Thursday, March 13, 2008

Farm output set to rise ... set for $1 billion spending plan

Caracas Daily Journal (Jeremy Morgan): Venezuelan Food Industry Chamber President Pablo Barayar forecast that agricultural output would rise by 57 percent during the next decade under a $1 billion investment plan backed by the private and public sectors. Barayar said the projected growth rate would be twice as high as the current rate of expansion in agriculture. He noted that the next 10 years could see food shortages developing on a worldwide level.

That could pose severe problems for Venezuela, which, despite its favorable climate and wide open spaces still imports as much as 60 percent of its food requirement.
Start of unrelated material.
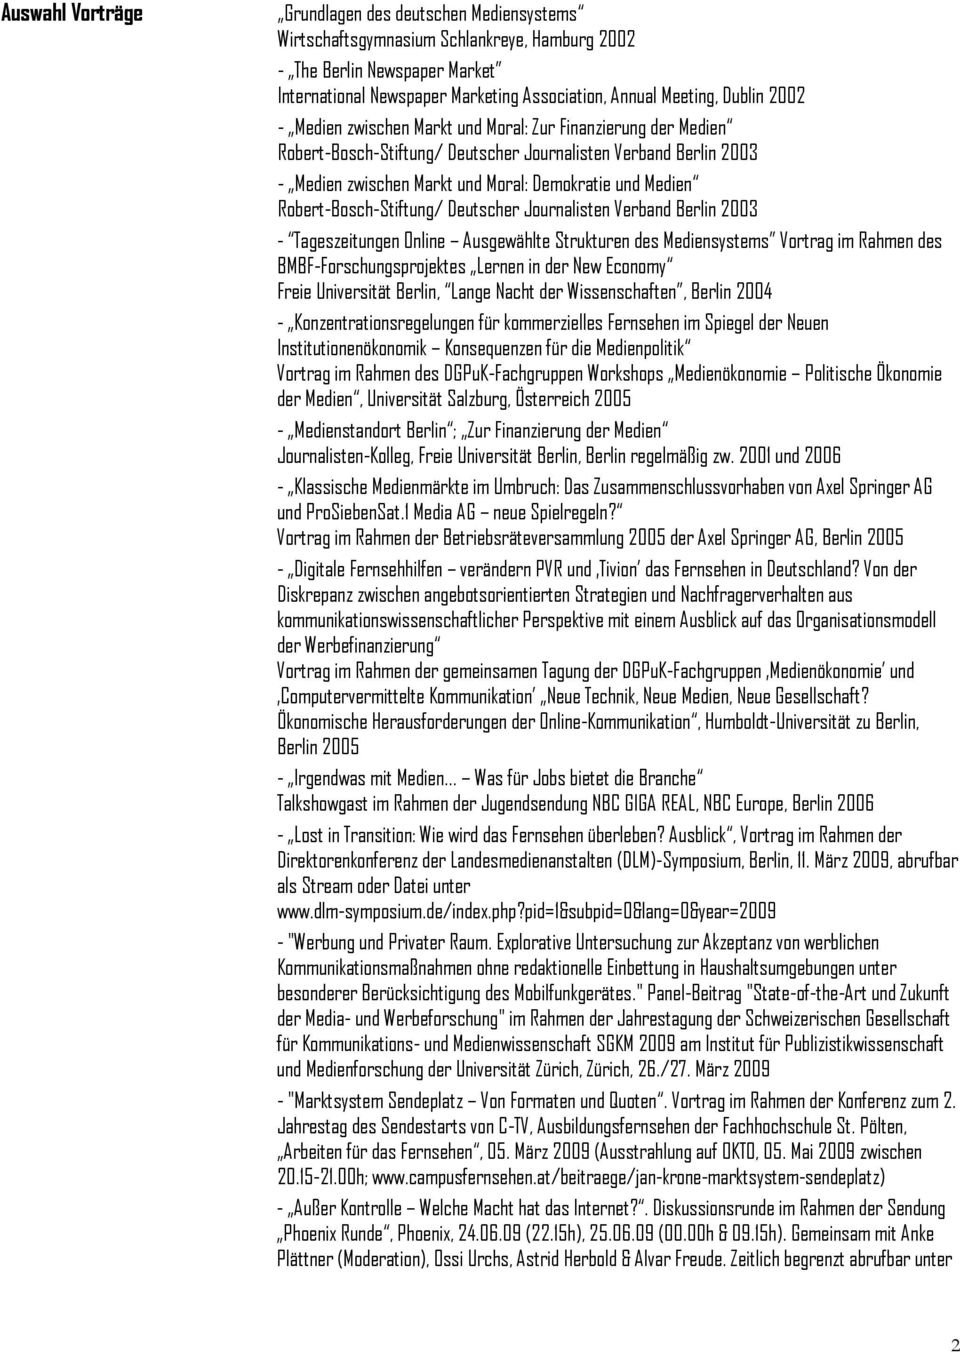 Robert-Bosch-Stiftung/ Deutscher Journalisten Verband Berlin 2003 - Tageszeitungen Online Ausgewählte Strukturen des Mediensystems Vortrag im Rahmen des BMBF-Forschungsprojektes Lernen in der New
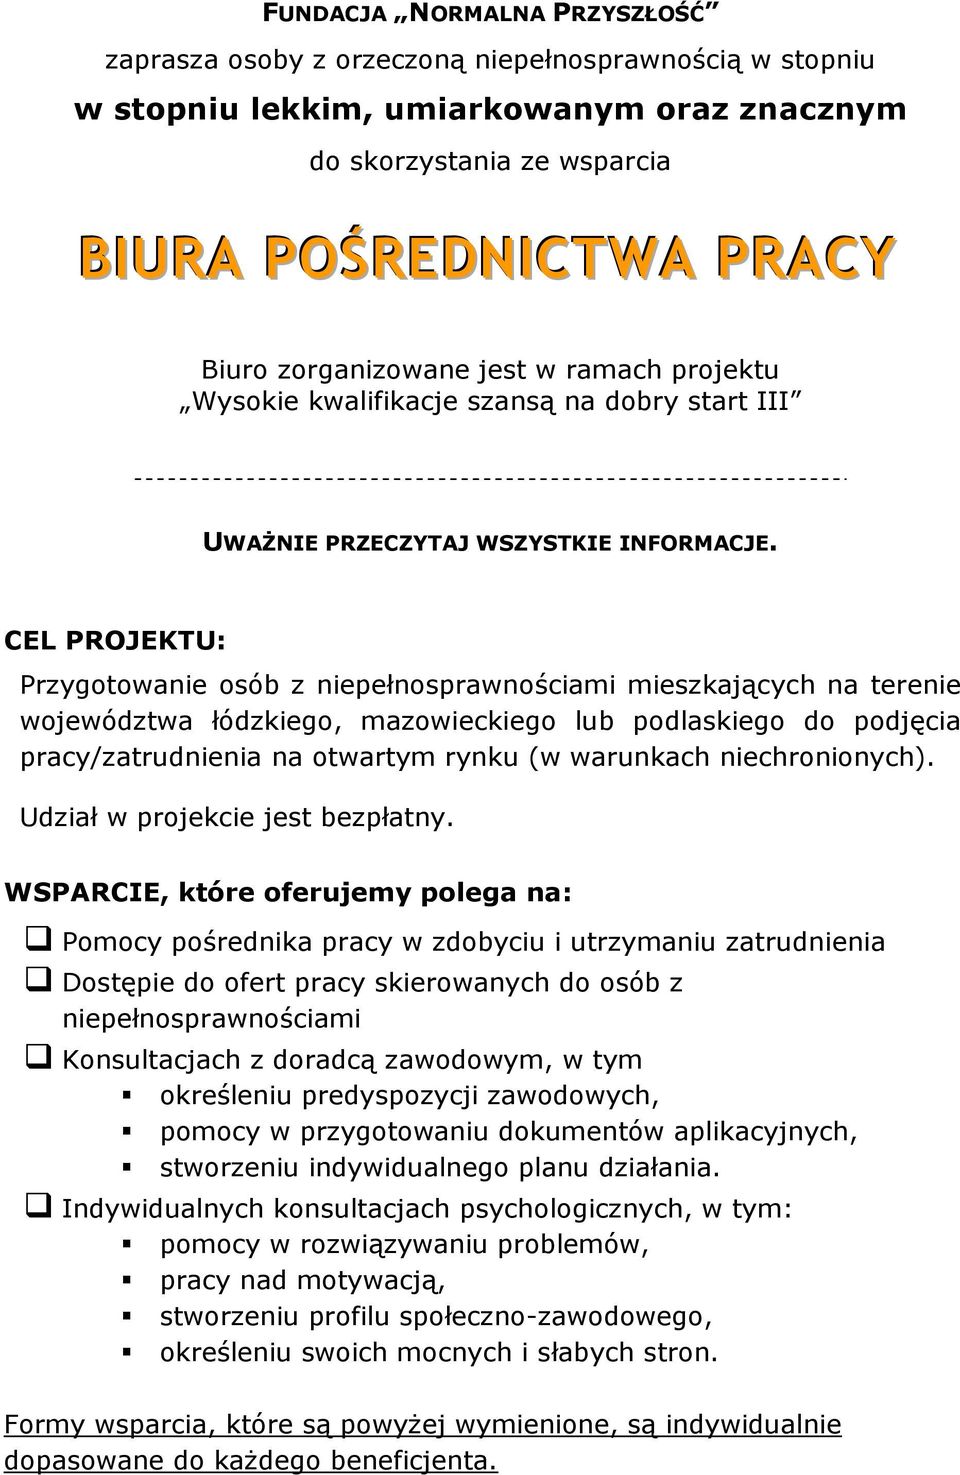 CEL PROJEKTU: Przygotowanie osób z niepełnosprawnościami mieszkających na terenie województwa łódzkiego, mazowieckiego lub podlaskiego do podjęcia pracy/zatrudnienia na otwartym rynku (w warunkach

Farming has long been regarded as the poor relative in the economic pecking order, a problem that's deemed to have been compounded by President Hugo Chávez' undisguised dislike of large landowners colloquially known as latifundistas.

Details of the farm development plan and how costs would be split between the state and the private sector were not disclosed after a meeting chaired by Planning Minister Haiman El Troudi.

1 comment:

  1. There would be no problem with latifundistas -- if the latifundia were expropriated from these industrial farmer-speculators, and handed over to socialist agricultural organizations for more rational and people-positive collective farming.

    And all socialist states should be producing as much food as possible indeed -- and as a matter of course and as official socialist policy -- because the rest of the planet needs and will need plenty of food from alternate sources in order to both stave off mass hunger, and to short-circuit diabolical imperialist plans to use food as a weapon: their barely-concealed plans to bring the rest of the planet to its knees -- and starve much of its population outright -- as a matter of their nazi-esque policies.